А Бусина карьера, конечно, одобрена, ею гордятся, ее уважают. У нее есть достижения. Это несомненно. Старуха самодовольно смотрит на Бусю, комментирует то, что видит:

— Смотрю вот я на тебя, так сразу твою мать, сестру мою, как будто перед собой и углядела. Как ты с ее лица всю красу тогда за девять месяцев, что она тебя в утробе носила, — и повыпила. Потом так и не захорошела Шурка, царствие ей небесное, не захорошела. А по себе очень хорошая баба ведь была, работящая, все тебя уму-разуму учила. Я так сразу и сказала ей. Сестрице моей, царствие ей небесное, — опять повторила старуха, будто покойная Шурка может воплотиться из душной тьмы и воссесть за один длинный стол с нами.
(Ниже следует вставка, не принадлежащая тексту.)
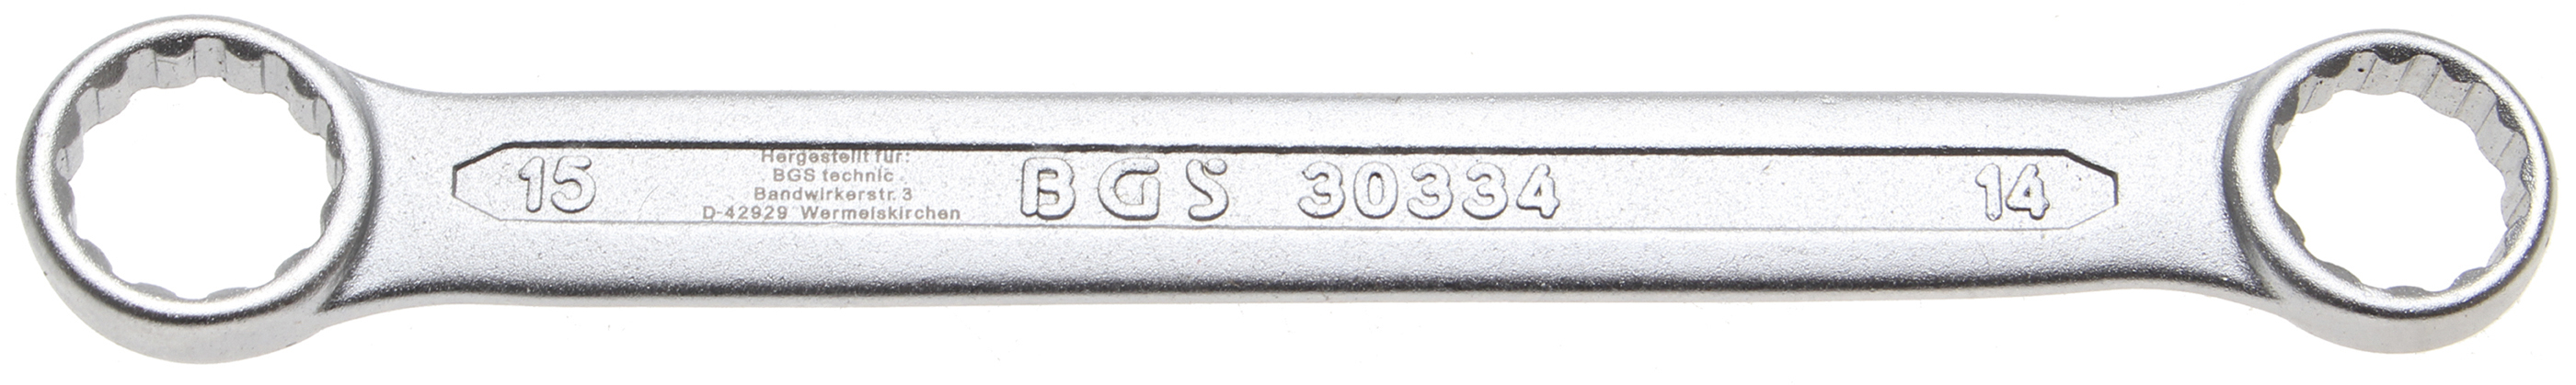 BGS 30334 Cheie inelara,extra plata, 14 x 15 mm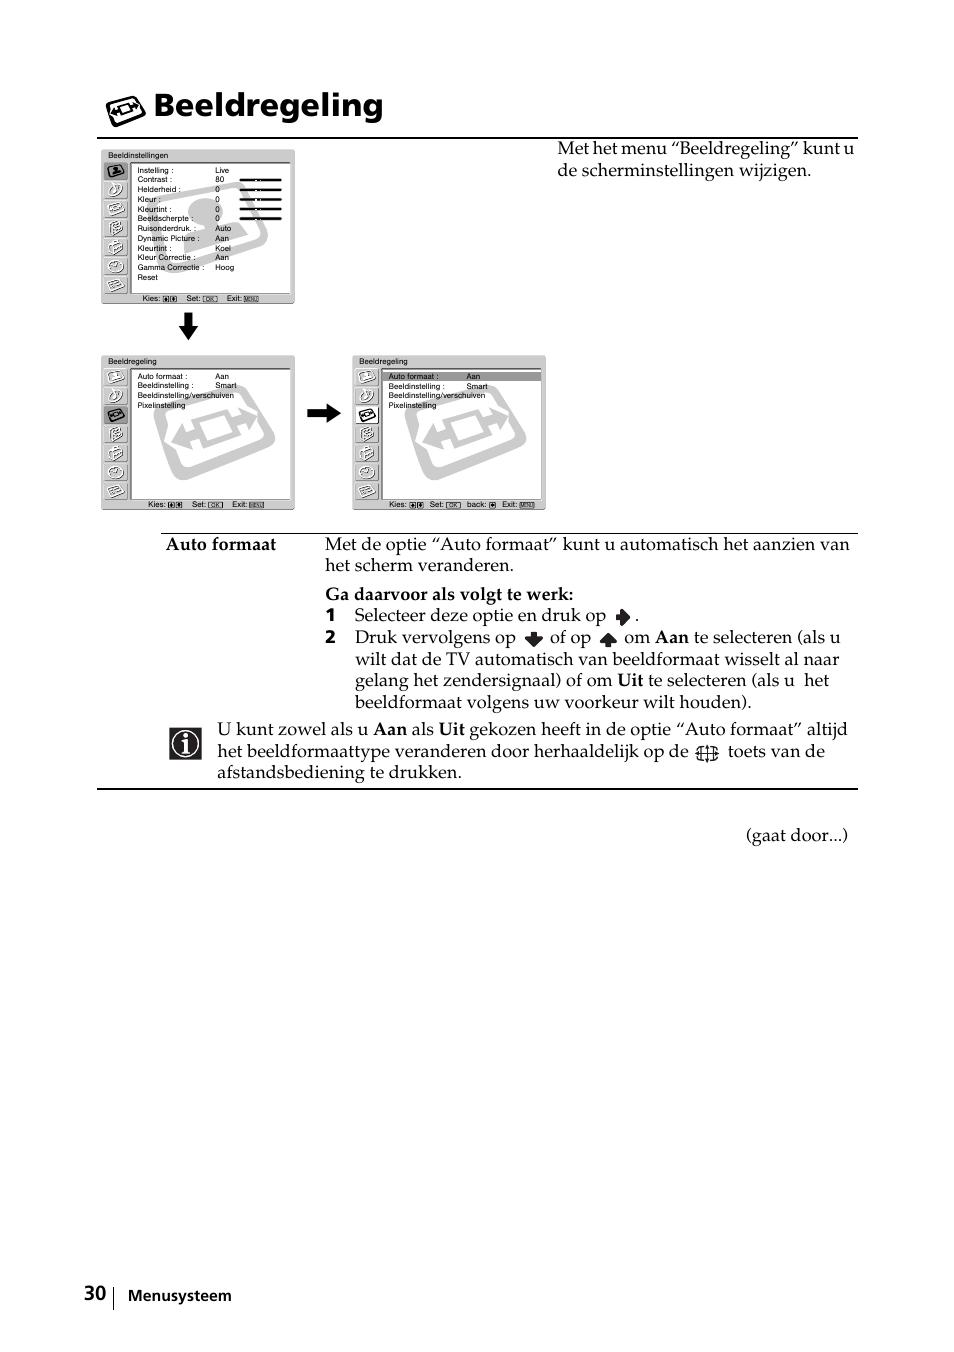 Beeldregeling, Gaat door...) | Sony KE-42MR1 Manuale d'uso | Pagina 106 / 302

Старуха устроилась, как сказительница, зачем-то оправила лиф блузы, как-то расправилась вся, будто кто-то еще, кроме полной луны, будет за нею наблюдать.

— Так прям и сказала Шурке: “Девчонка у тя будет”. — Она победно обвела взором округ.

— Да уж, видим, — не мужик, а мадемуазель, — сказал тот же хриплый голос пьянеющего человека.

Старуха его не услыхала, она продолжала свою партию. Она словно выбрасывала краткие бессвязные сегменты речи, придавая паузами и повторами сверхсмысл этим побасенкам:

— С мальцом в брюхе вообще не так садятся.

И она мимически попыталась изобразить, как же садятся с мальцом. Я, честно говоря, не понял.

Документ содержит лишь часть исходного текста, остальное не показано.